INFORMATION SUPPLIED >>
=-=-=-=-=

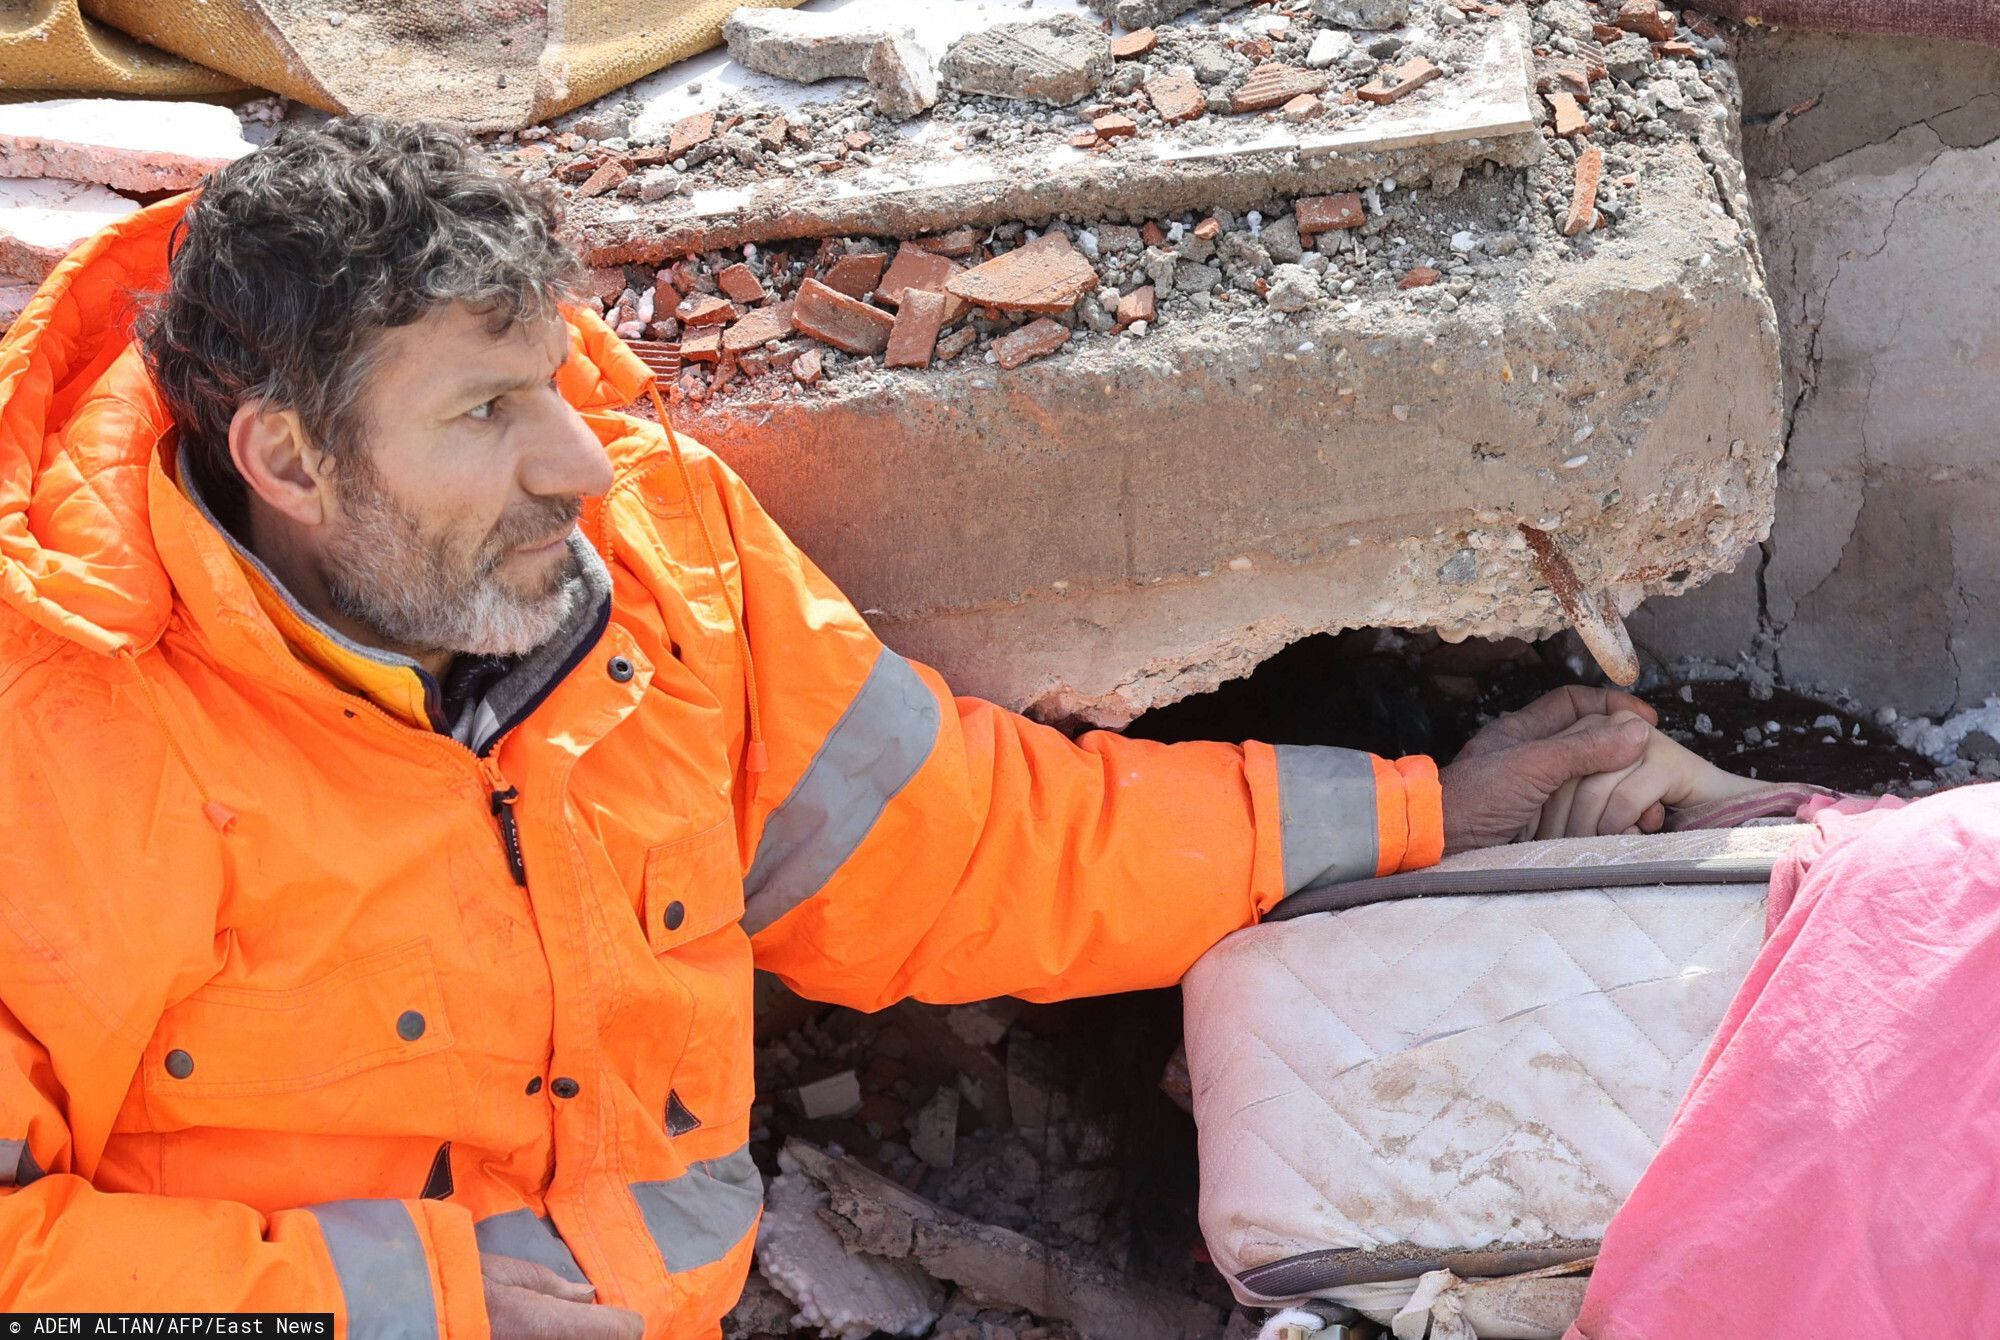 Raport Gońca ze Świata. Trzęsienie ziemi w Turcji
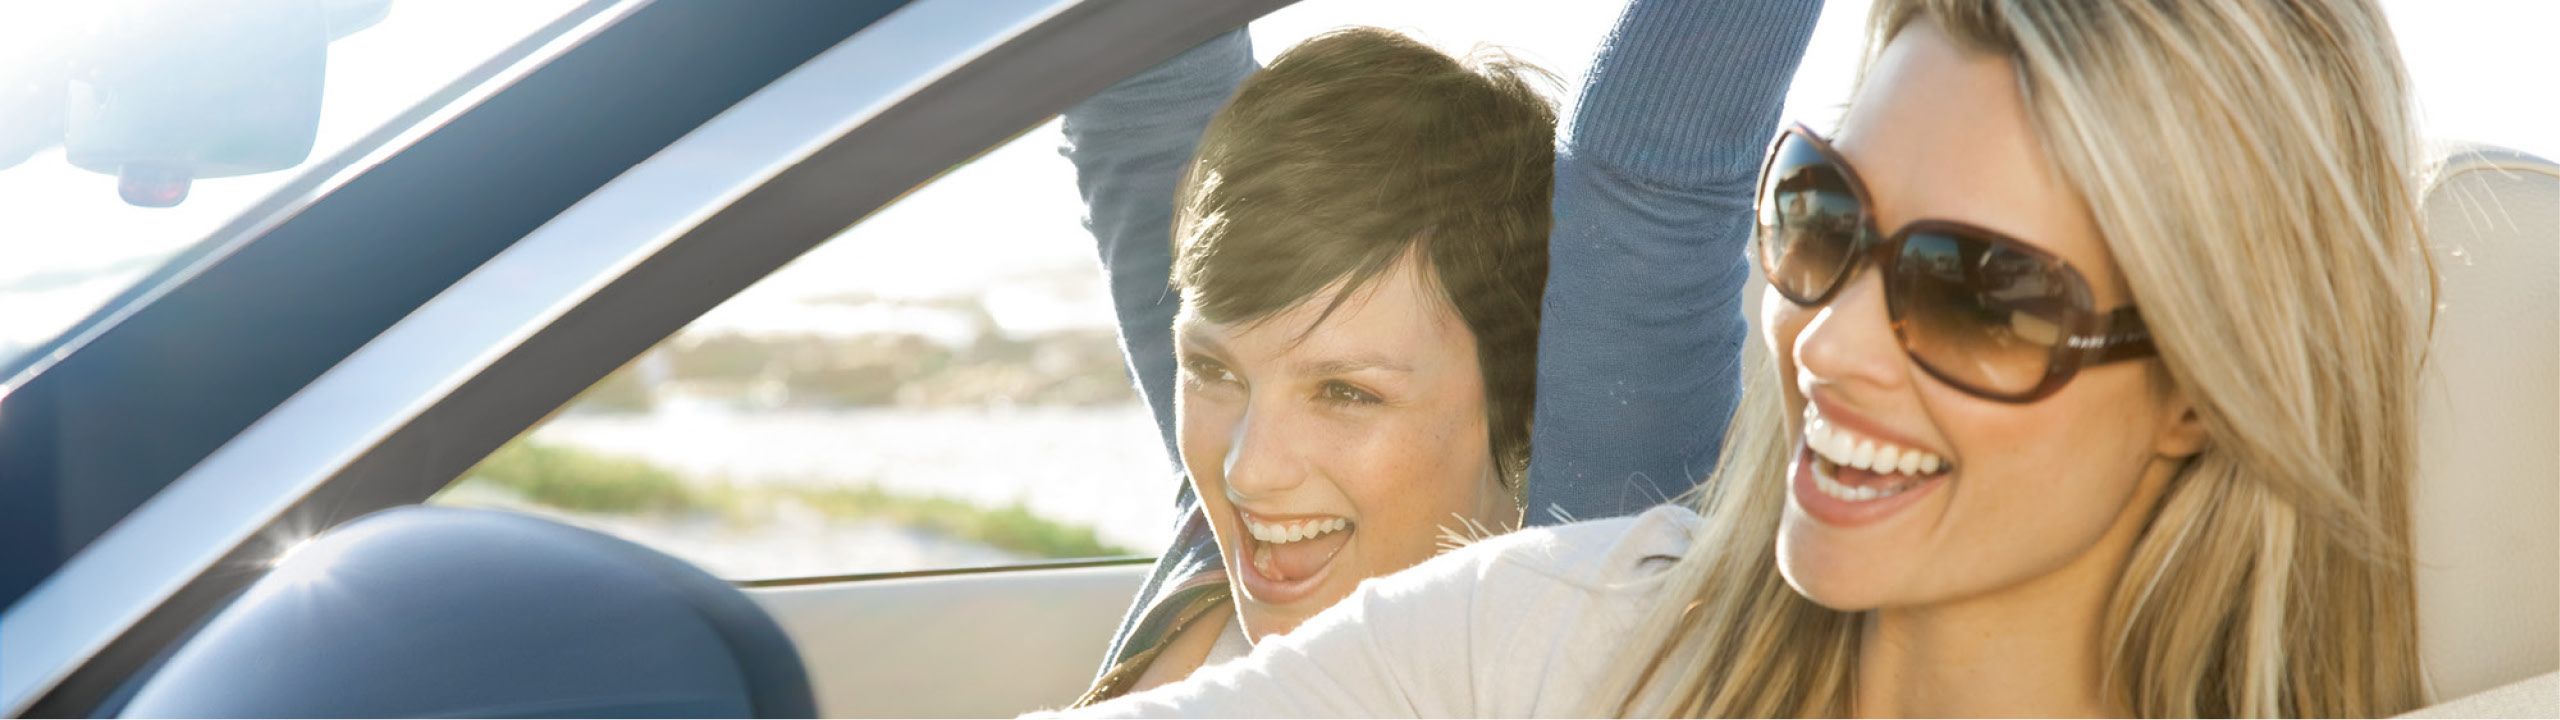 Zwei Frauen sitzen im Cabrio und lachen
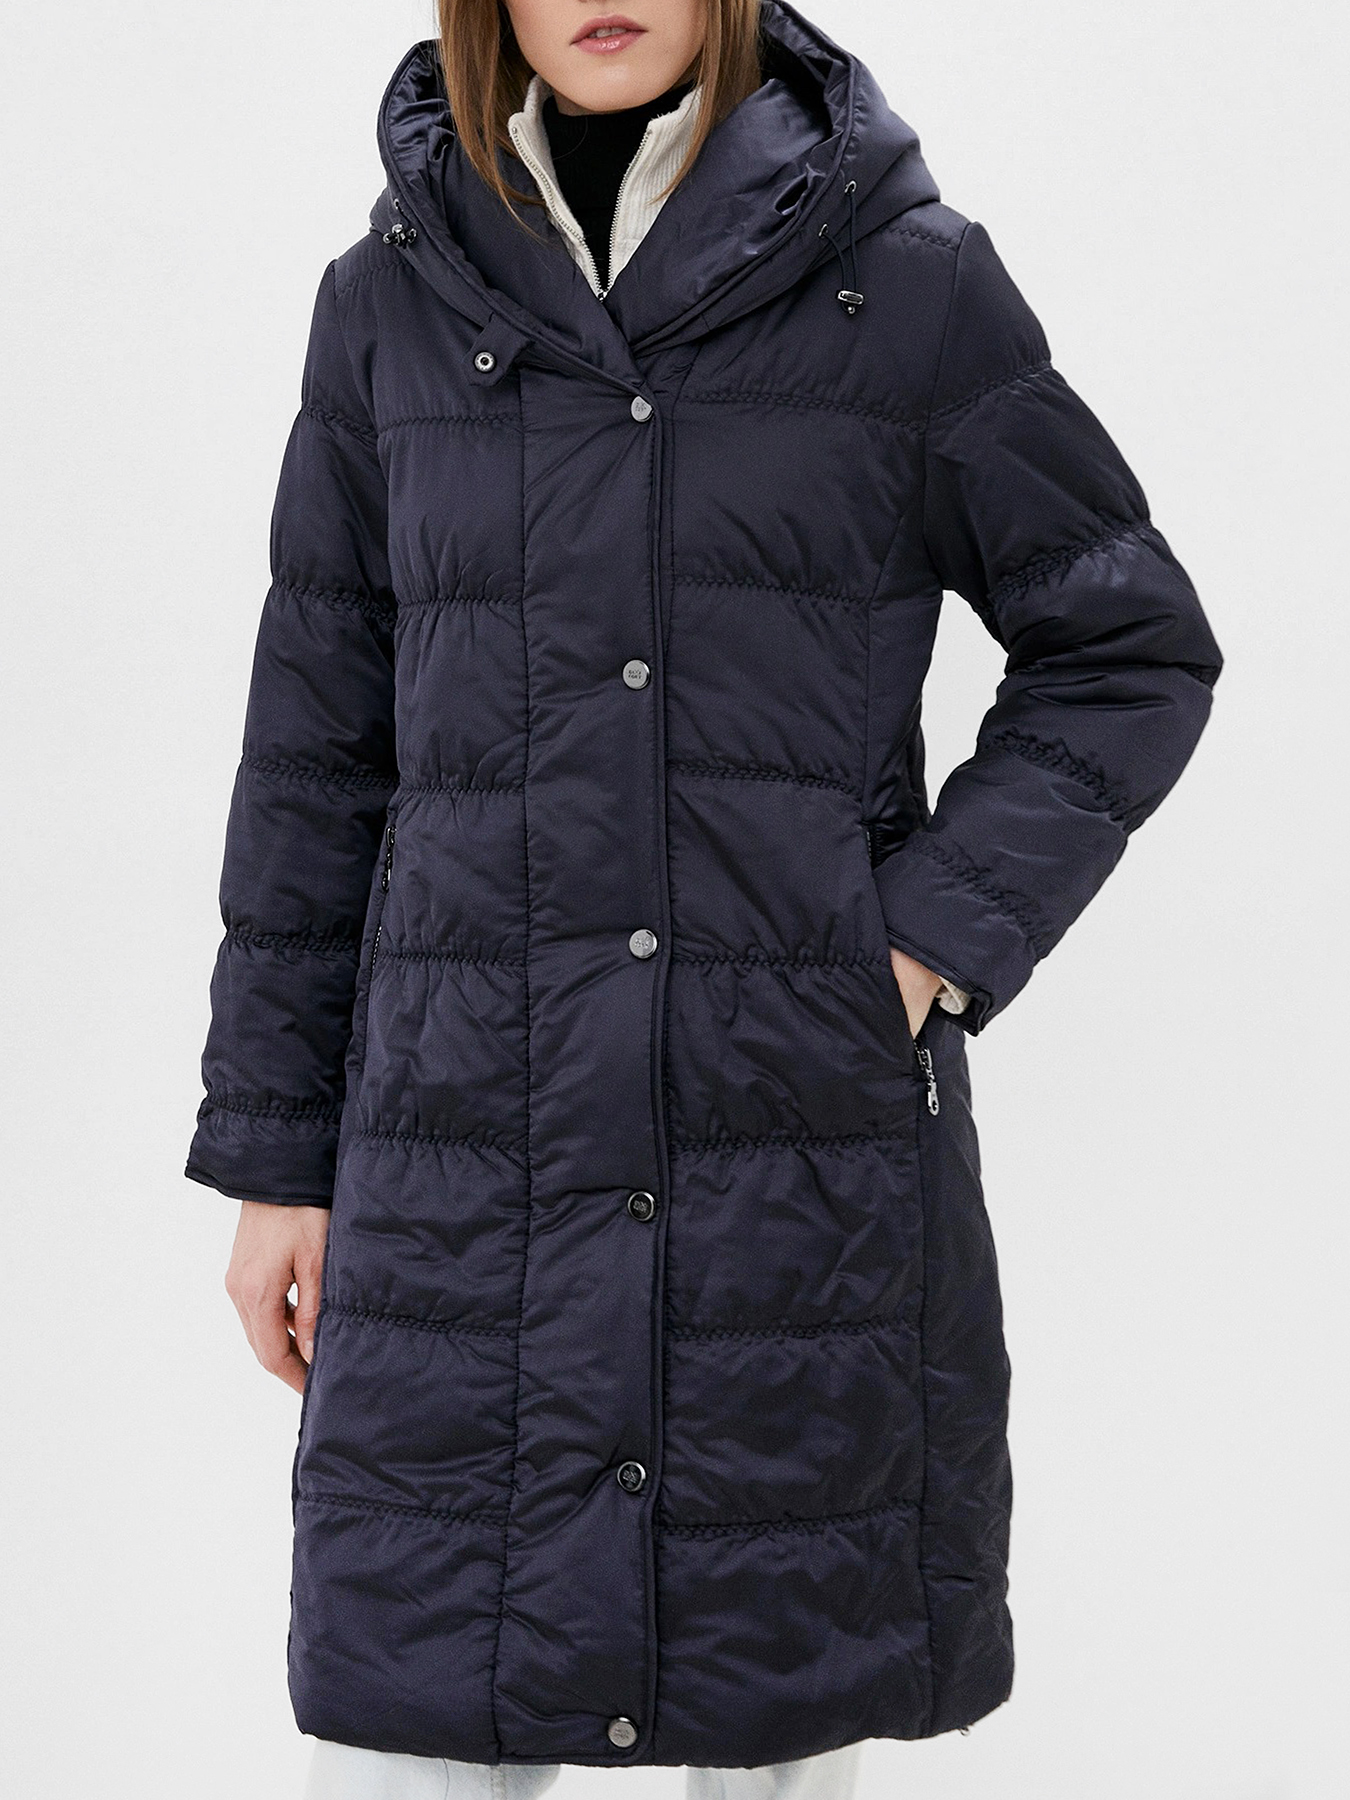 Пальто зимнее Dixi Coat 433576-020, цвет темно-синий, размер 44 - фото 1
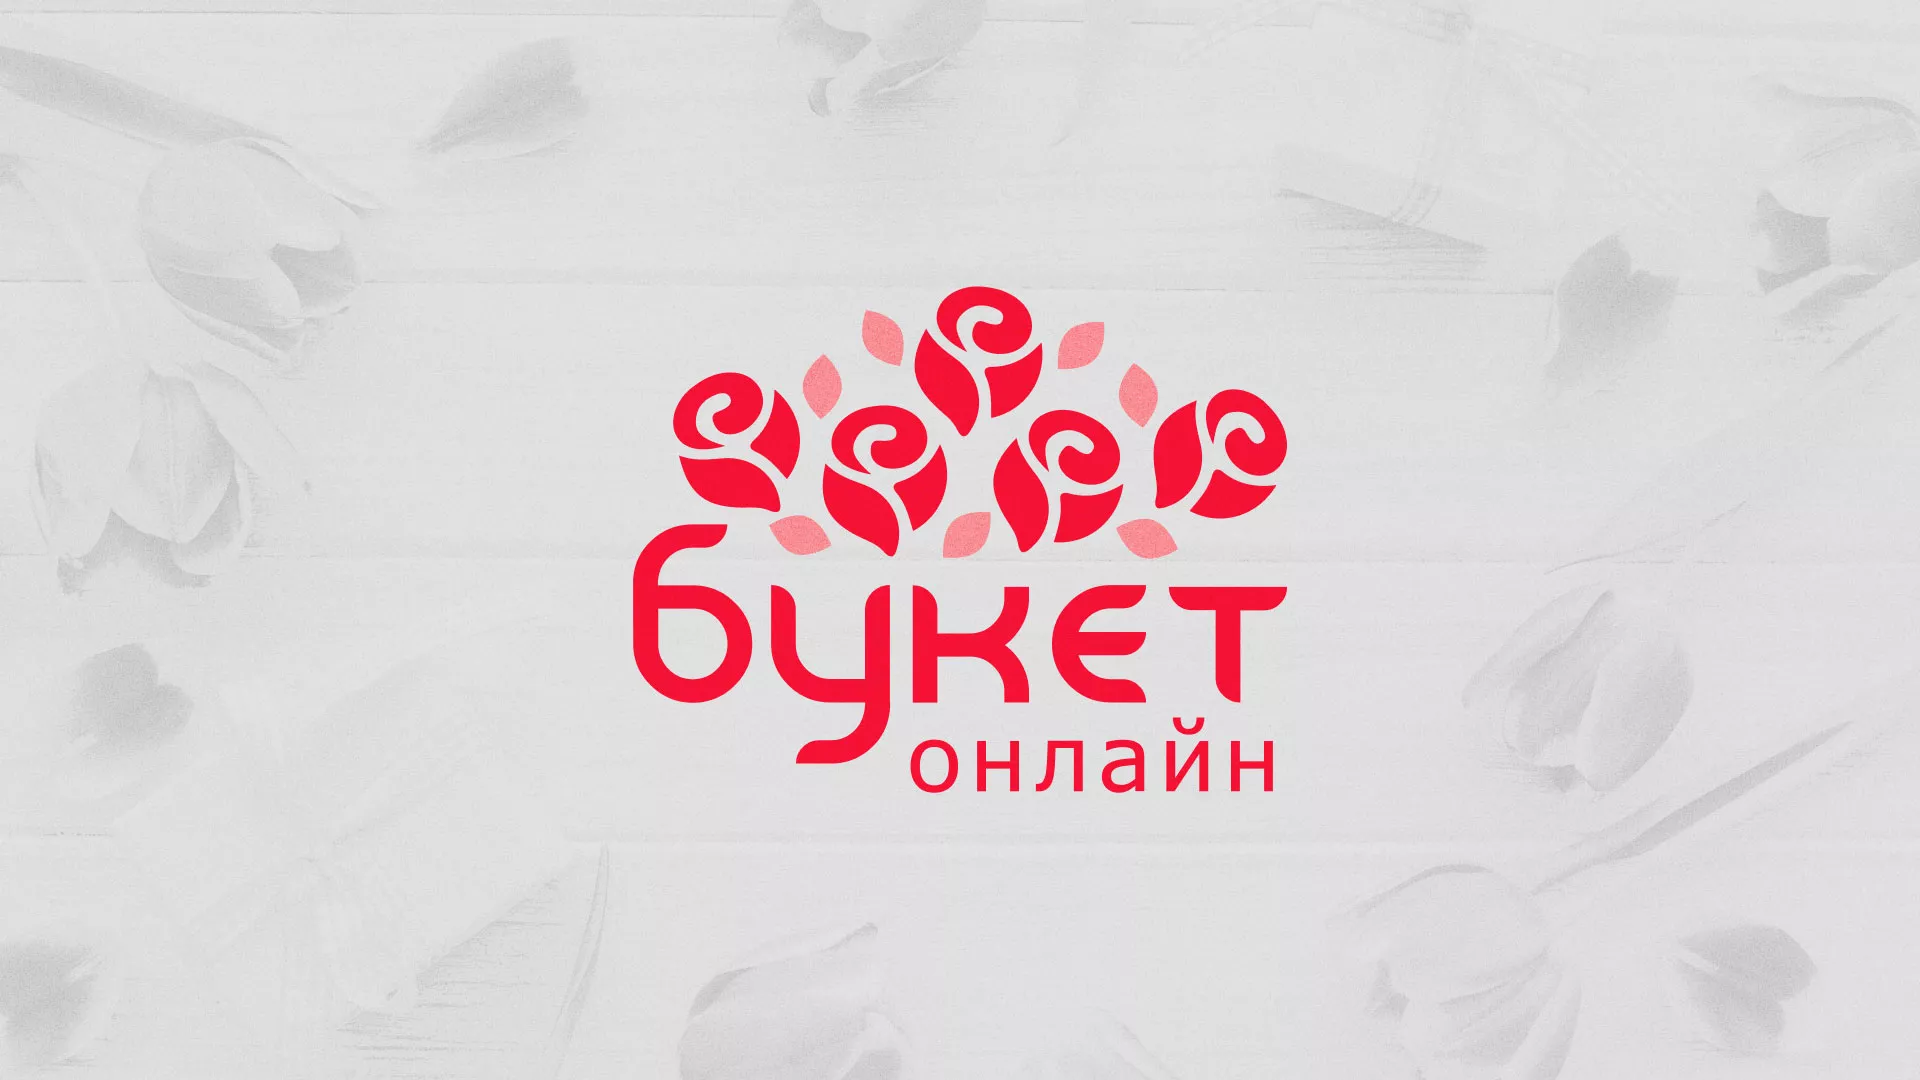 Создание интернет-магазина «Букет-онлайн» по цветам в Урюпинске

=-=-=-=-=

ABOUT THIS EXERCISE >> Beginning with the line containing "Пальто зимнее Dixi" and ending with the last line of the data above, repeat each line exactly. Include no pictures and no other lines.

RESULT OF THIS EXERCISE >>
 Пальто зимнее Dixi Coat 433576-020, цвет темно-синий, размер 44 - фото 1
 Создание интернет-магазина «Букет-онлайн» по цветам в Урюпинске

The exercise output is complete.